Most readers connect Taos Author John Nichols with his most famous book set here in the Southwest, “The Milagro Beanfield War.” Many of his fans may also have read the entire New Mexico trilogy, that includes “The Magic Journey” and “Nirvana Blues.” Others might remember his even more political works like “American Blood,” while nature lovers will remember “On the Mesa” and “When Mountains Die.” And some will remember his first book, “The Sterile Cuckoo,” made into a hit movie with Liza Minnelli.
It really doesn’t matter whether you are an all-in fan or an occasional reader to enjoy this intimate and at times hilarious portrait of a writer’s journey as he struggles to maintain an ethical role both as a writer and a human being.
At age 24, just as he was enjoying hobnobbing with Robert Redford and Natalie Wood, and the like, as well as mulling over his future prospects and the substantial money brought to him with his first book, he and some friends took a trip to Guatemala.
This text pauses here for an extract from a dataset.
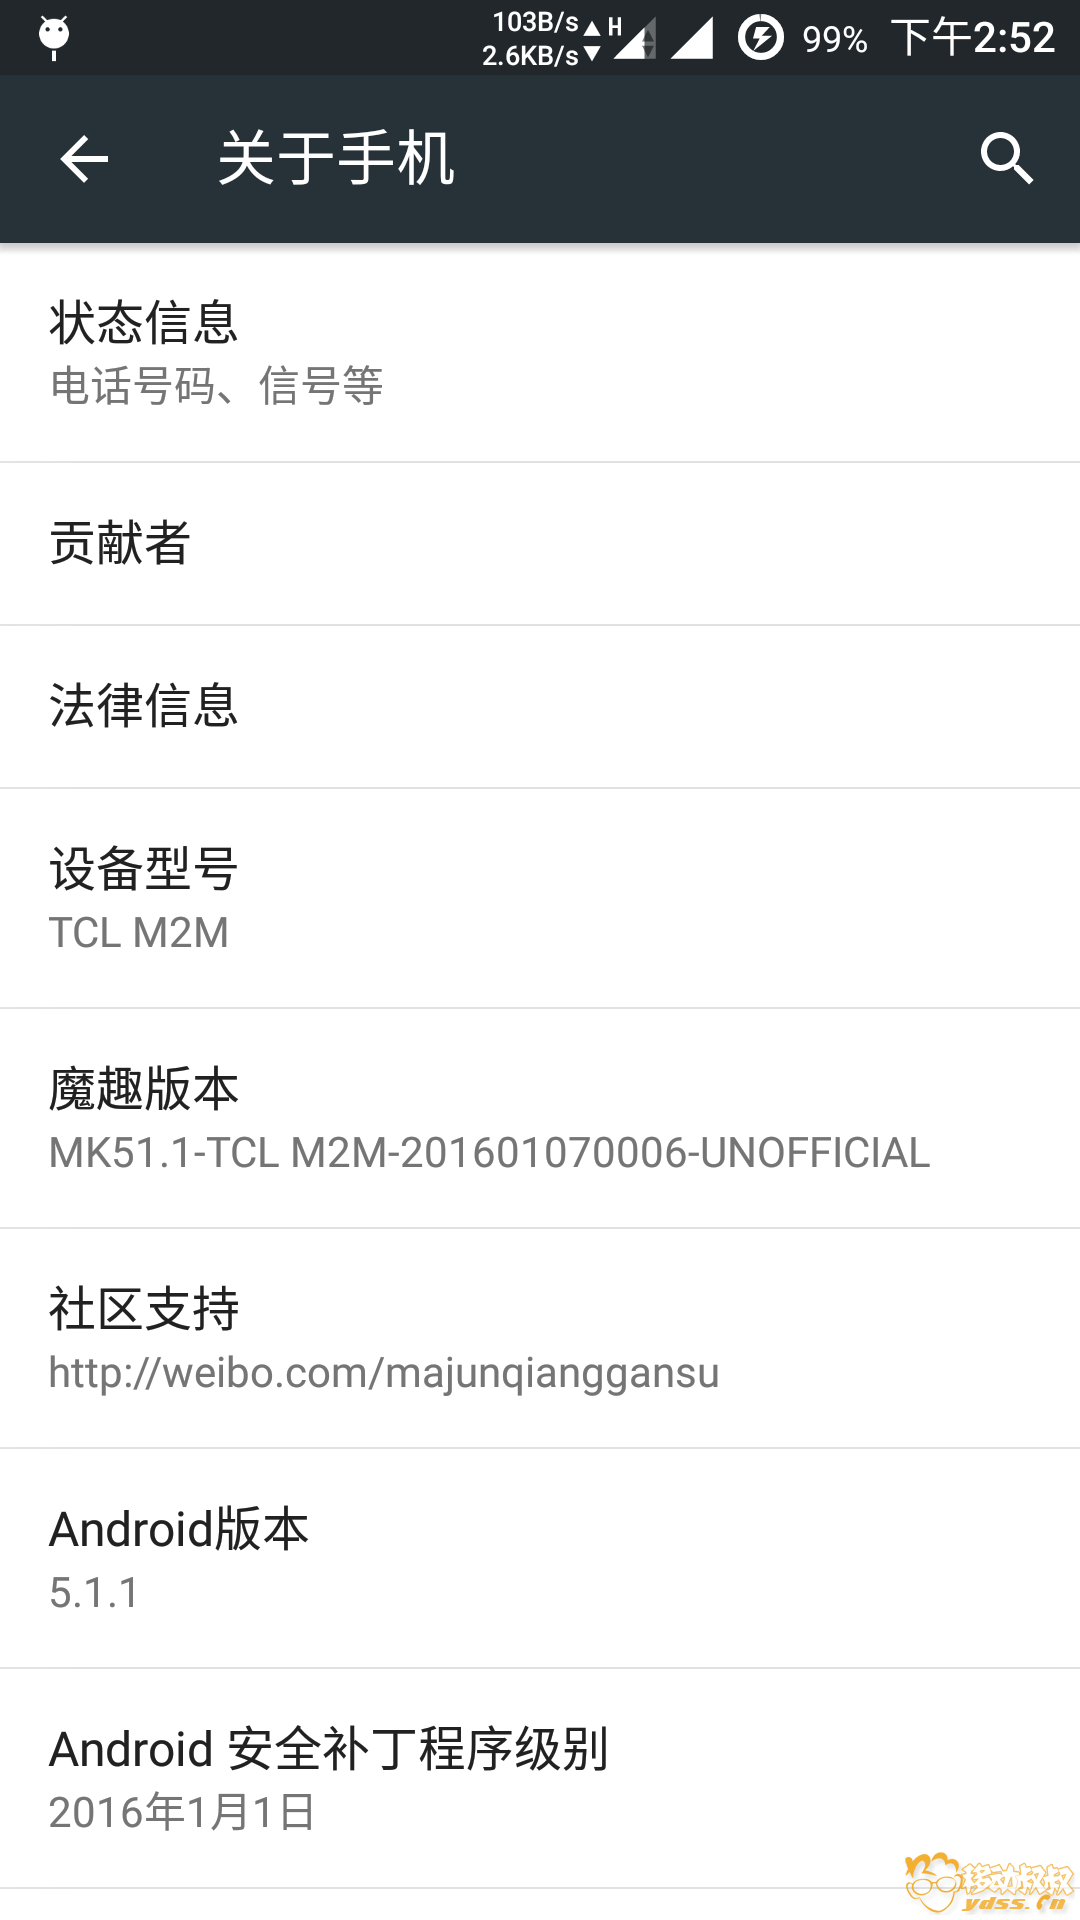 Screenshot_2016-01-07-14-52-30.png
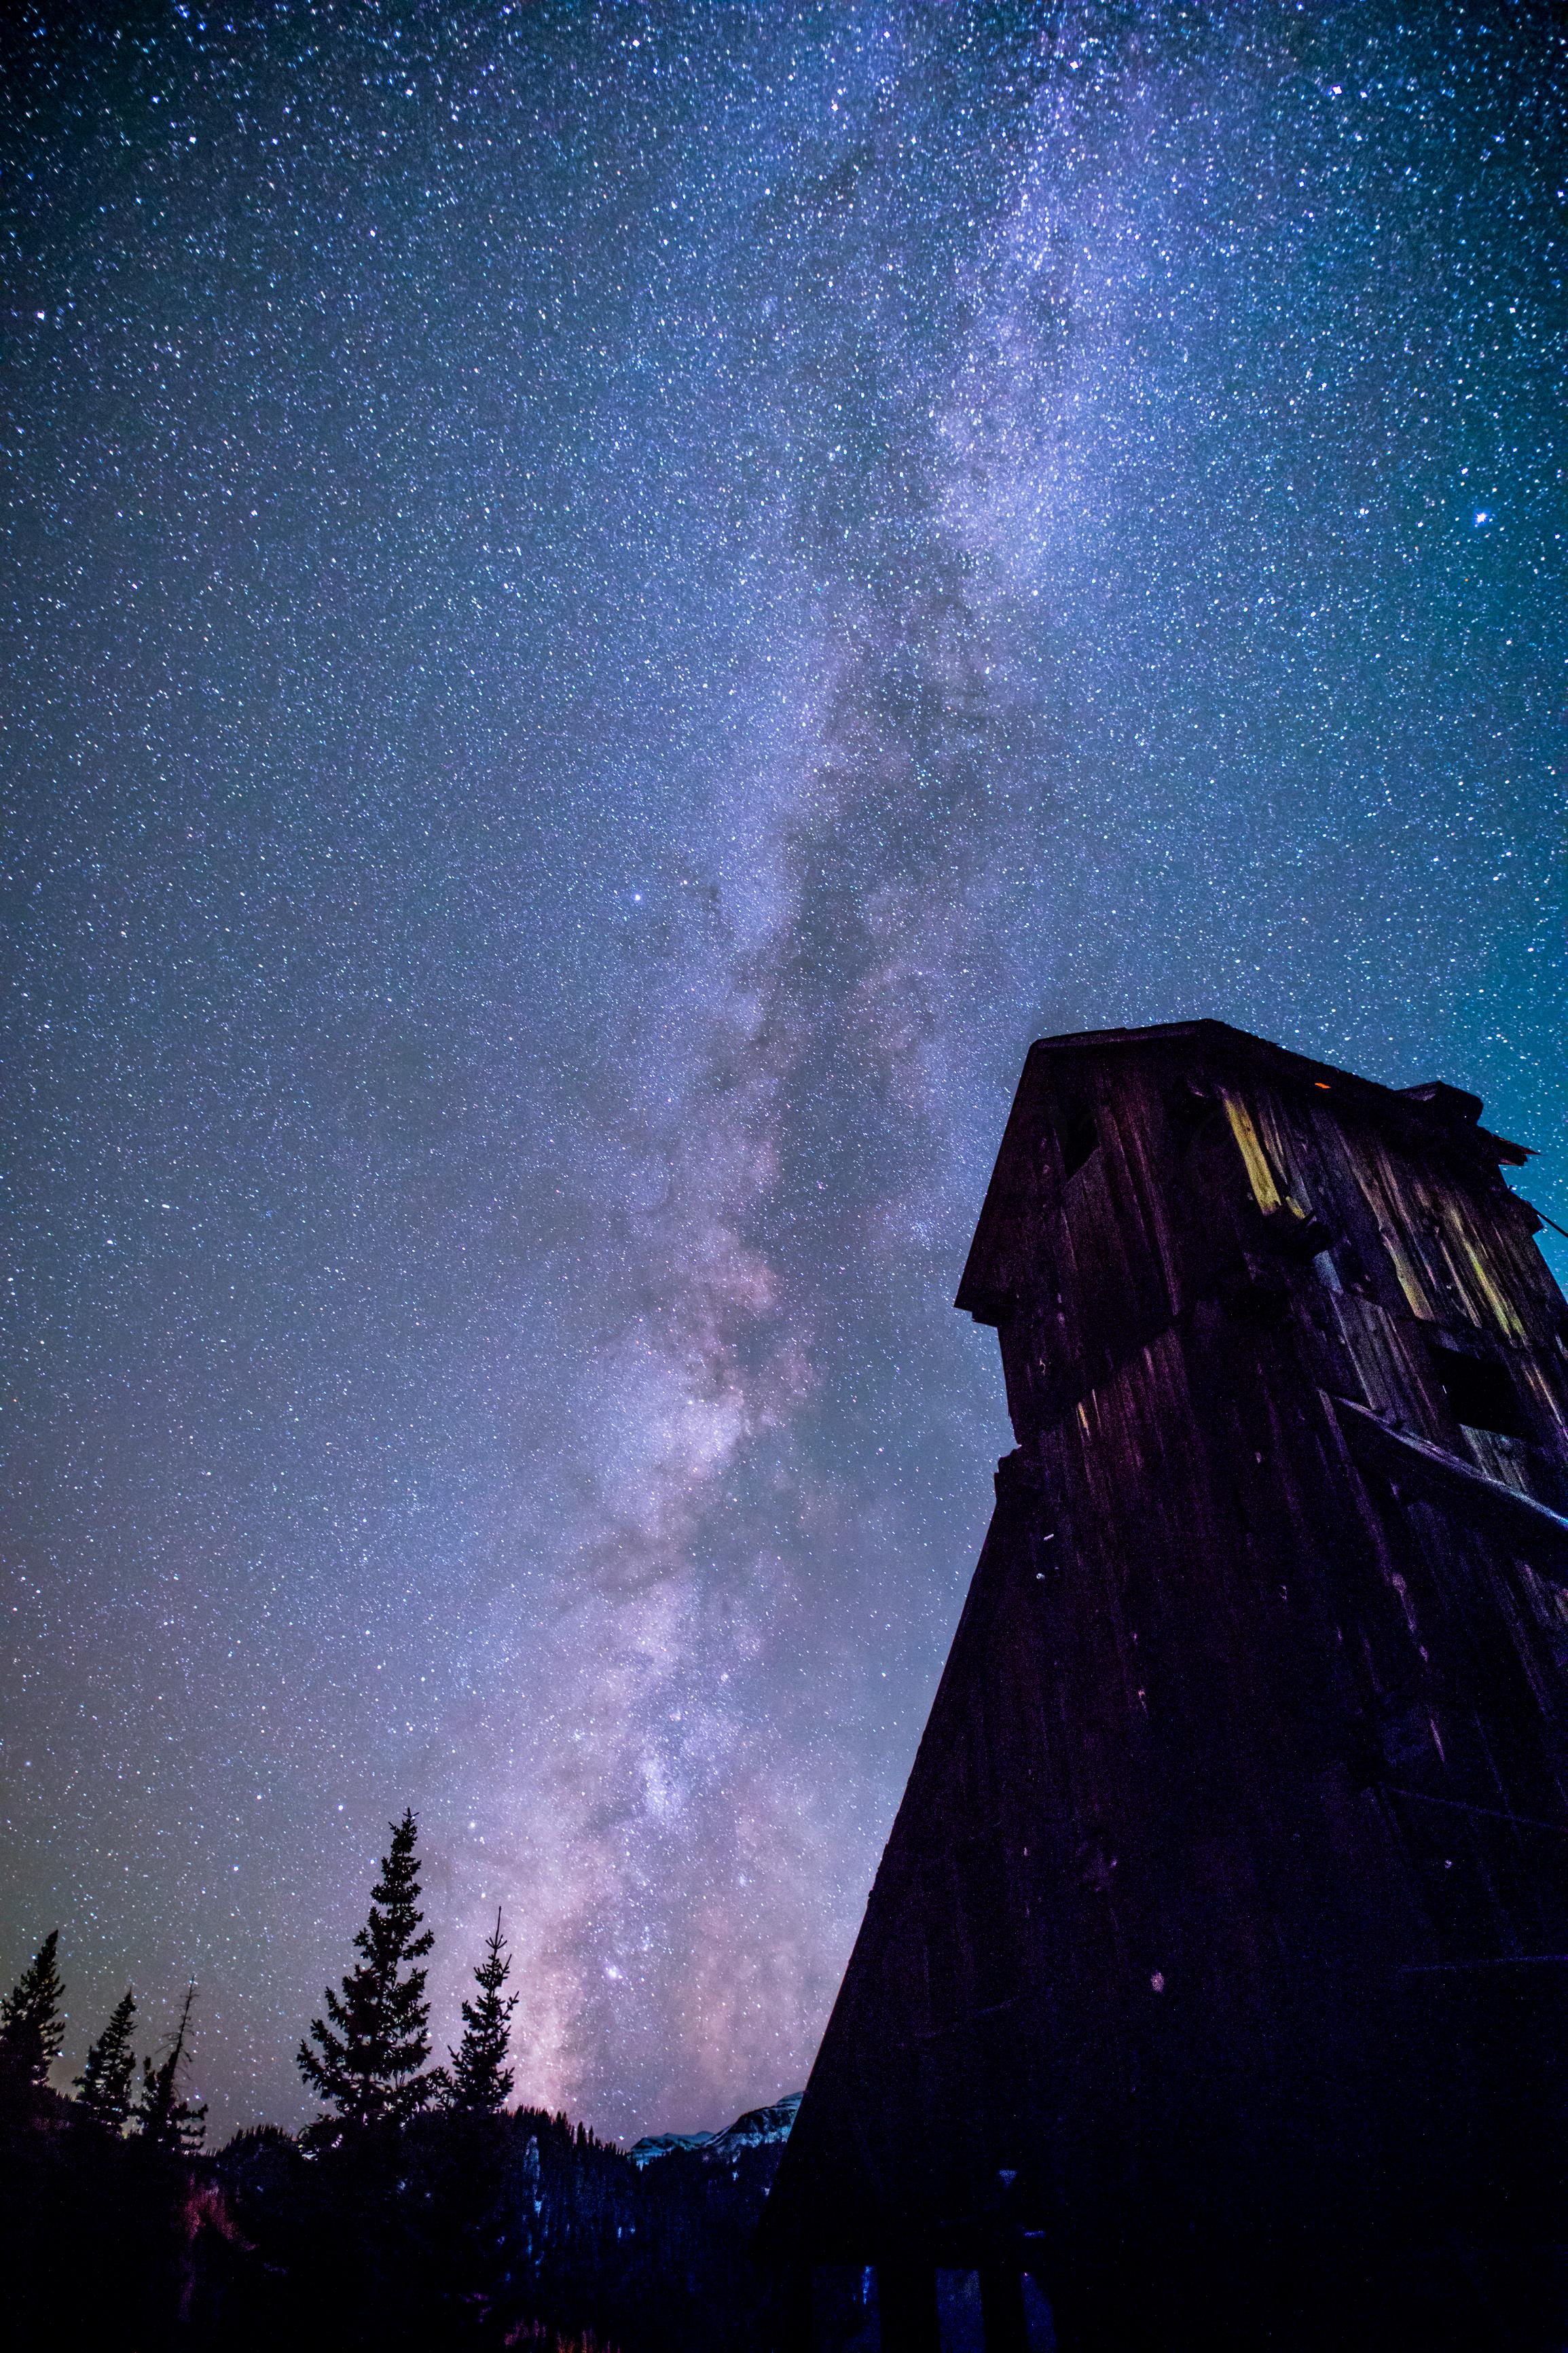 Milky way over Yankee Girl Mine, Image # 5570

It was that trip and the frightful poverty he saw there, and what he learned about the role of American politics in creating it that sent him on an entirely different course for the rest of his life — one that worked against his initial success. It wasn’t long before he left his New York life, and with his wife, Ruby, jumped in a VW bus and headed for Taos, New Mexico, to join the people.
It is a shame for me to encapsulate this first few chapters of Nichols’ saga in mere descriptive prose, rather than having you learn it from reading the ironic and witty language that he uses to convey all of it — and a whole lot more — that kept me turning pages through his poignant struggle to stay true to his new world view and what it cost him as a writer and elsewhere in his life.
He’s not going to tell you that directly in this romp through his writing career, but it’s easy enough to suss out, easy too, to realize that he wouldn’t change a minute of the life he made and lived for anything in the world.